Today’s post is a celebration of stone. I’ve grown up seeing it used for buildings, country walls, and paths and miss it when I spend time in places where it is not so readily available. Stone is ancient and helpful: it softens, steadies, anchors.
My first stone bridge has pedigree. It’s one that the Brontë family used to cross the river across from the waterfall on the path that leads over the moor from Haworth to Top Withens. Actually the original bridge was swept away in a flood and this is a replacement, made to a similar design.

Anyone who thinks of stone as hard and unyielding hasn’t noticed how feet and water change it. You can see it on these stones, laid to preserve steps roughly cut into the hillside across from the Brontë bridge.
Steps like these are scattered throughout our wild places. They’re designed to suit ramblers who wouldn’t be up there if they couldn’t clamber a little. A landscape architect who carefully calculates the height and width of each rise might smile (or wince) and in practise, many countryside steps are flanked by worn, muddy paths that have proved easier to tread in normal conditions.

These river rocks would turn the ankle: luckily they’re not being used as a path but a decorative feature in a garden. Moss is gradually creeping over their patterned surfaces.

This rough and ready stone path leads from Grasmere to Rydal Water. Its higgledy piggledyness fascinates me. It doesn’t seem very old, does it? Not old enough for Wordsworth or Coleridge or their buddies, though I have no doubt they passed this way.

A standing stone marks the steps leading to a path through woodland – this is in the Midlands, but for many, that counts as North. It makes too lovely an addition here for us to quibble about geography.

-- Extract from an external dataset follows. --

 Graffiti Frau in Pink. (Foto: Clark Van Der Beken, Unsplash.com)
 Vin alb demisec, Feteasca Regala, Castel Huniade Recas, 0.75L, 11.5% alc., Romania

I’ll end with another stone bridge crossing a river with fields enclosed by dry stone walls in the background. This is near the limestone pavement I wrote about in an earlier post.
Once again you have sent me to Auden’s “In Praise of Limestone.” These photos are all so contemplative in effect, but my favorite is the second one, the steps in what seems an aura, not a reality. How beautiful! And thanks for “higgledy piggledyness”! I have not heard of higgledy piggledy in forever! It was part of my childhood in a Babar record that my brother and I played hourly, I think. I must start using it!
I was thinking of ‘In Praise Of Limestone’ too when writing this – such a great poem for lovers of this kind of landscape. I’m glad you thought of it too.
What beautiful landscapes. 😊
Thanks, Irene.
I miss stone here in Suffolk and realise how much I took it for granted as part of the landscape in Scotland. (Most of the houses here are brick, with a few built from a mix of flint and brick.)
It must seem strange to people who haven’t lived in a stone area that we can say this. But if your eye is tuned into stone, it is such a rich and attractive material.
I, too, fine stone very beautiful. In Maine, it is seldom used for bridges or houses but often for walls, young and old. In the woods behind our house, there are stonewalls left over from when this area was fields for farming.
They are lovely relics. You’ve reminded me of going to Bishop’s Castle, asking for directions to the castle which we could not find, then being told it had fallen into disrepair and that the stone had been reused over the last few hundred years to make other buildings in town, such as the Castle Hotel.
these pictures have brought back memories of the time i visited haworth and walked around the moors. thank you for sharing.
I’m very pleased to have brought back happy memories.
well, i’m a devoted fan of emily bronte. 🙂
Lots of rocks here in Labrador – but I do miss the dry stone walls and hawthorn hedges of northern England. A wooden fence isn’t quite the same, although they can be attractive.
The hedgerows are lovely too. It’s interesting to see how new hedges are made and encouraged to thicken at this time of the year.
I love the stonework shown here…Also, I tried to share your post on my page but fb would not allow and said someone found the post offensive. This must be mistake!
That’s ironic, given some of the things I read about fb. If there’s a way to object, please do! 🙂
I like this collection. Nicely observed and presented.
Thanks, Louis. I keep seeing pictures I could have added in, but these ones seemed to suit each other.
Lovely. The stone paths make you think of all the people who’ve tread there before.
I enjoy that sense when I’m out walking, even when the paths are fresh.